When these surfactants stick onto the droplet surface, the surface tension is reduced, which is the force that allows for example water striders to glide over the water surface without sinking.

Because this reduction in surface tension is not uniform along the drop surface, all kinds of `weird’ flow patterns are observed in the droplet. One of these flow patterns is a circulation, where ink particles flow back to the center of the droplet, thereby suppressing the coffee-stain effect.

DEVELOP INKS WITHOUT TRIAL-AND-ERROR
Up to now it remained unclear under what circumstances circulation would occur. Not all surfactants and not all droplets display this behavior. Using efficient computer simulations Van Gaalen identified several predictive factors that determine the flow patterns in the droplet.

He found that for circulation to occur it is important that there is also surfactant in the bulk of the droplet and that the evaporation needs to be relatively fast. With these findings, experimental results that were previously unexplainable can now be understood better. Printing companies can use this knowledge to develop inks without having to resort to trial-and-error methods.

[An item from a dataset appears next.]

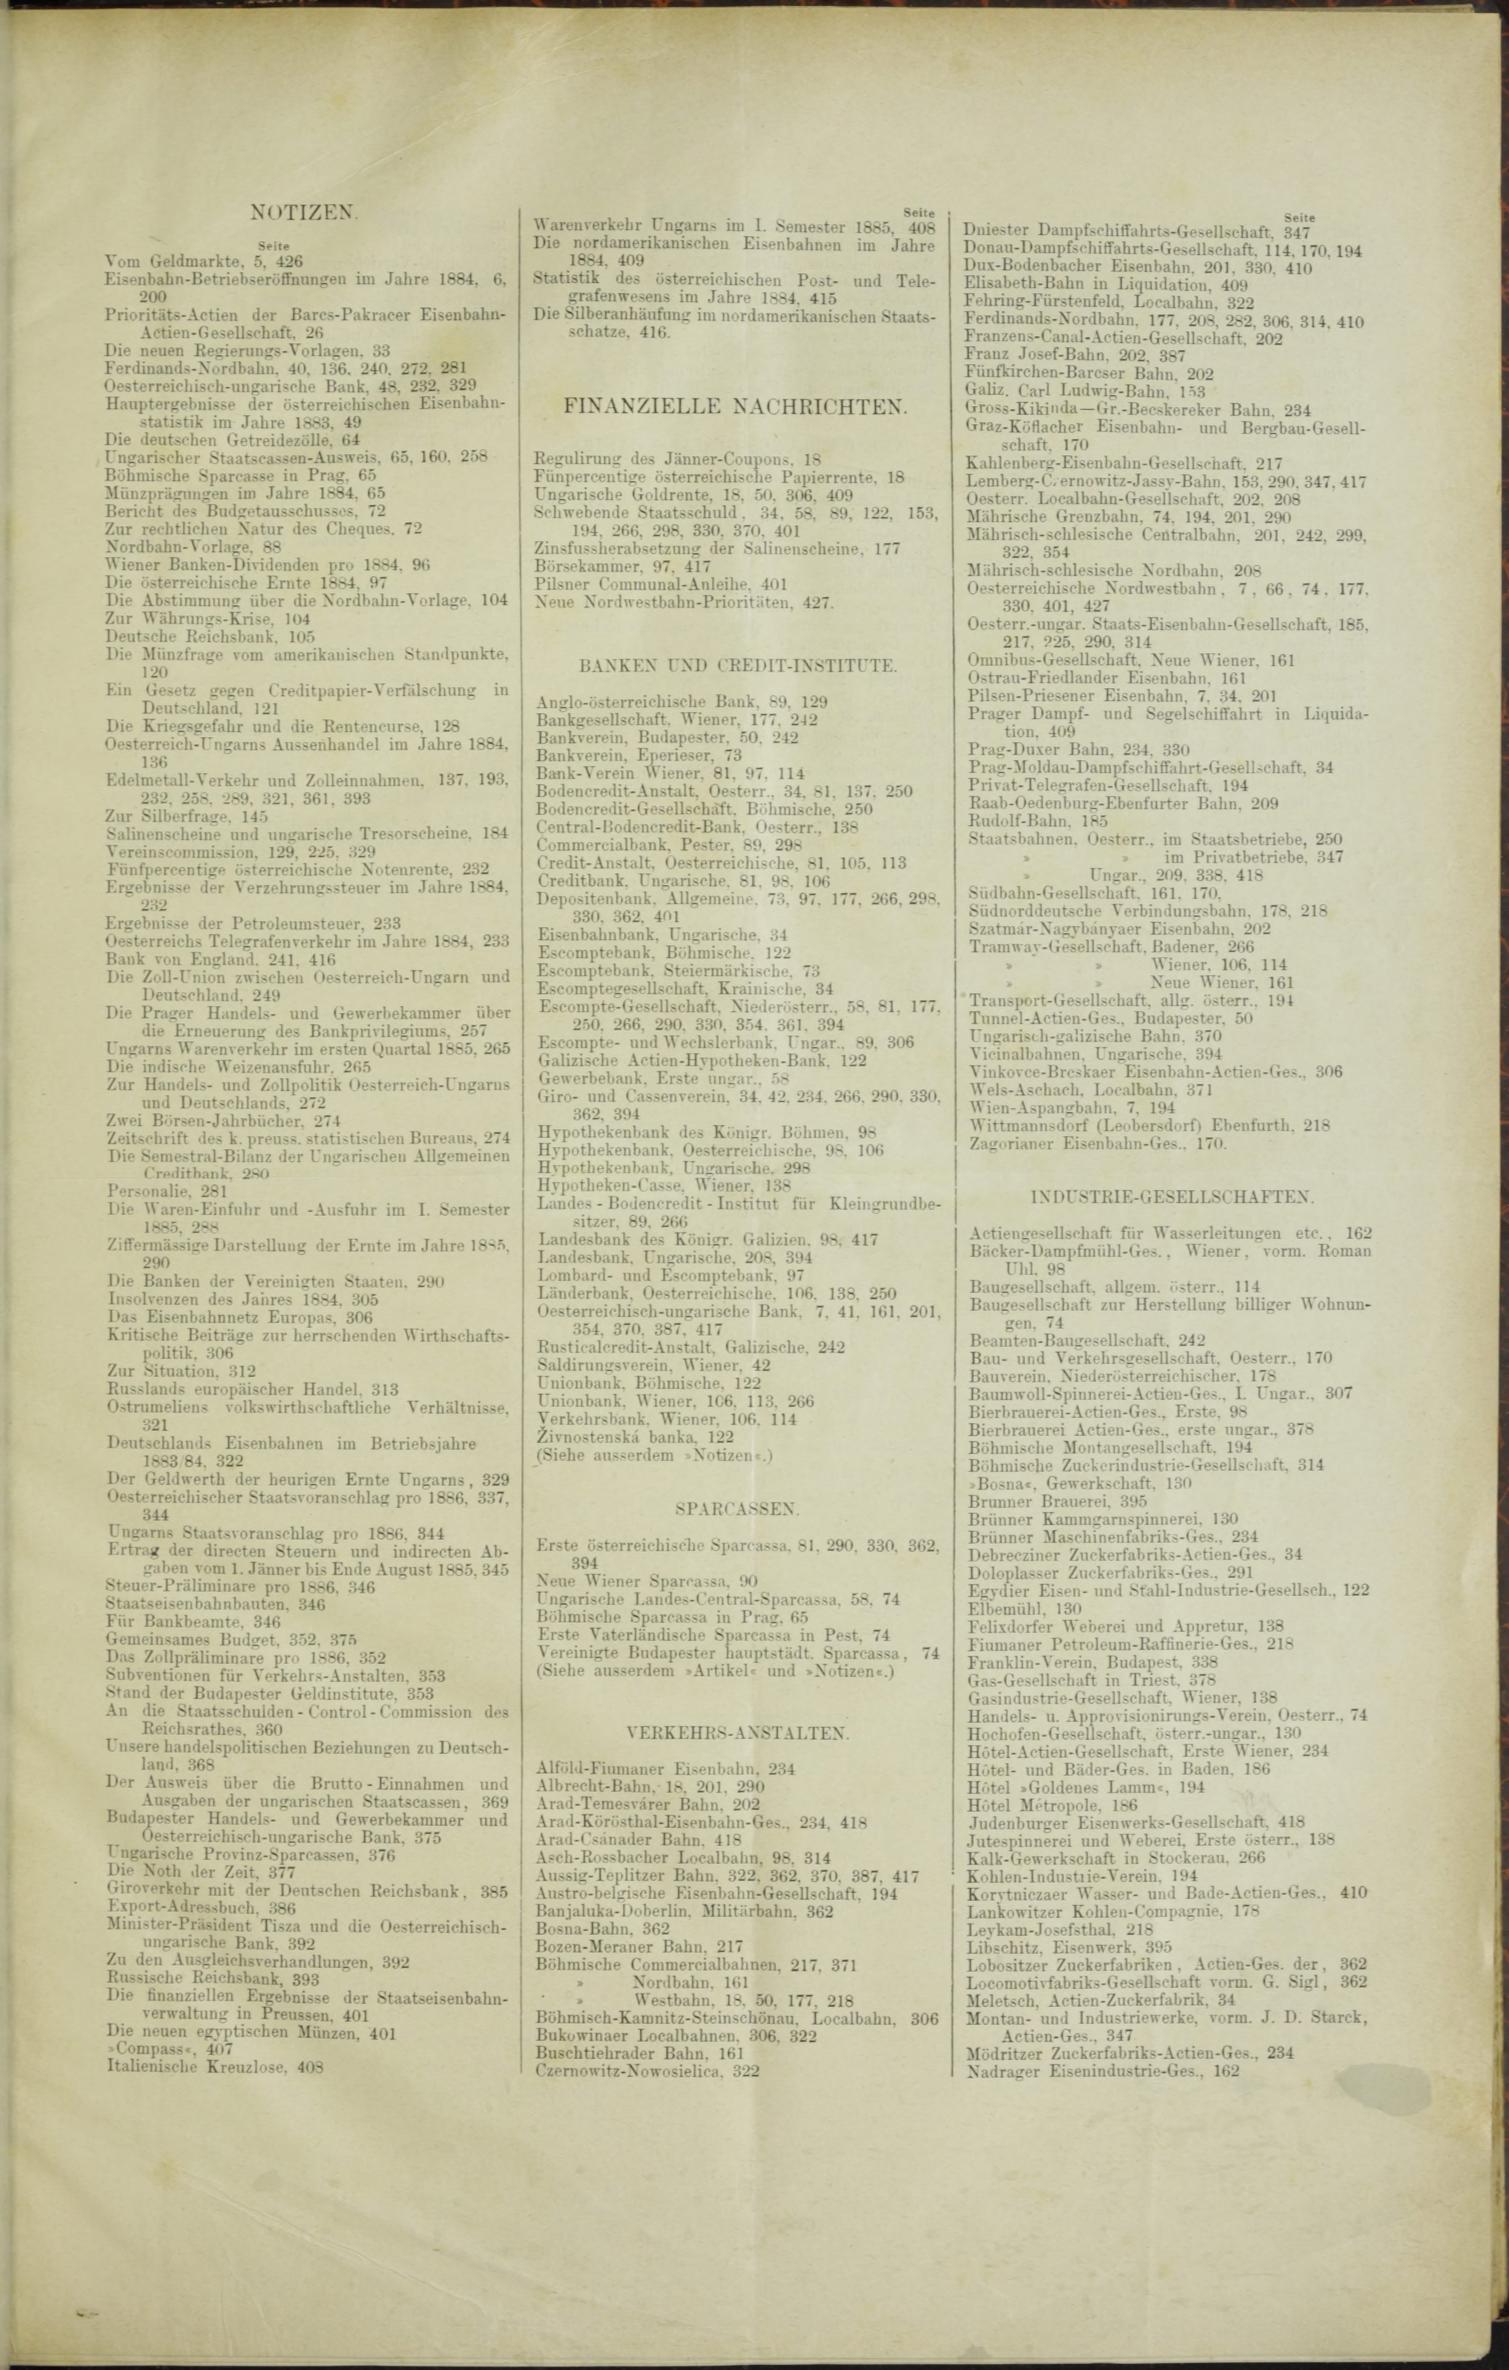 Der Tresor 25.06.1885 - Seite 11

Besides the coffee-stain effect, Van Gaalen also investigated how the shape of a surfactant-laden droplet changes over time during evaporation and how surfactants affect the process of droplets being sucked into porous media, like paper.

Ruben van Gaalen defends his thesis titled Evaporation and absorption of inkjet printed droplets with surfactants on Thursday 27th January. He was supervised by prof.dr. Hans Kuerten and prof.dr.ir. Hermann Wijshof.”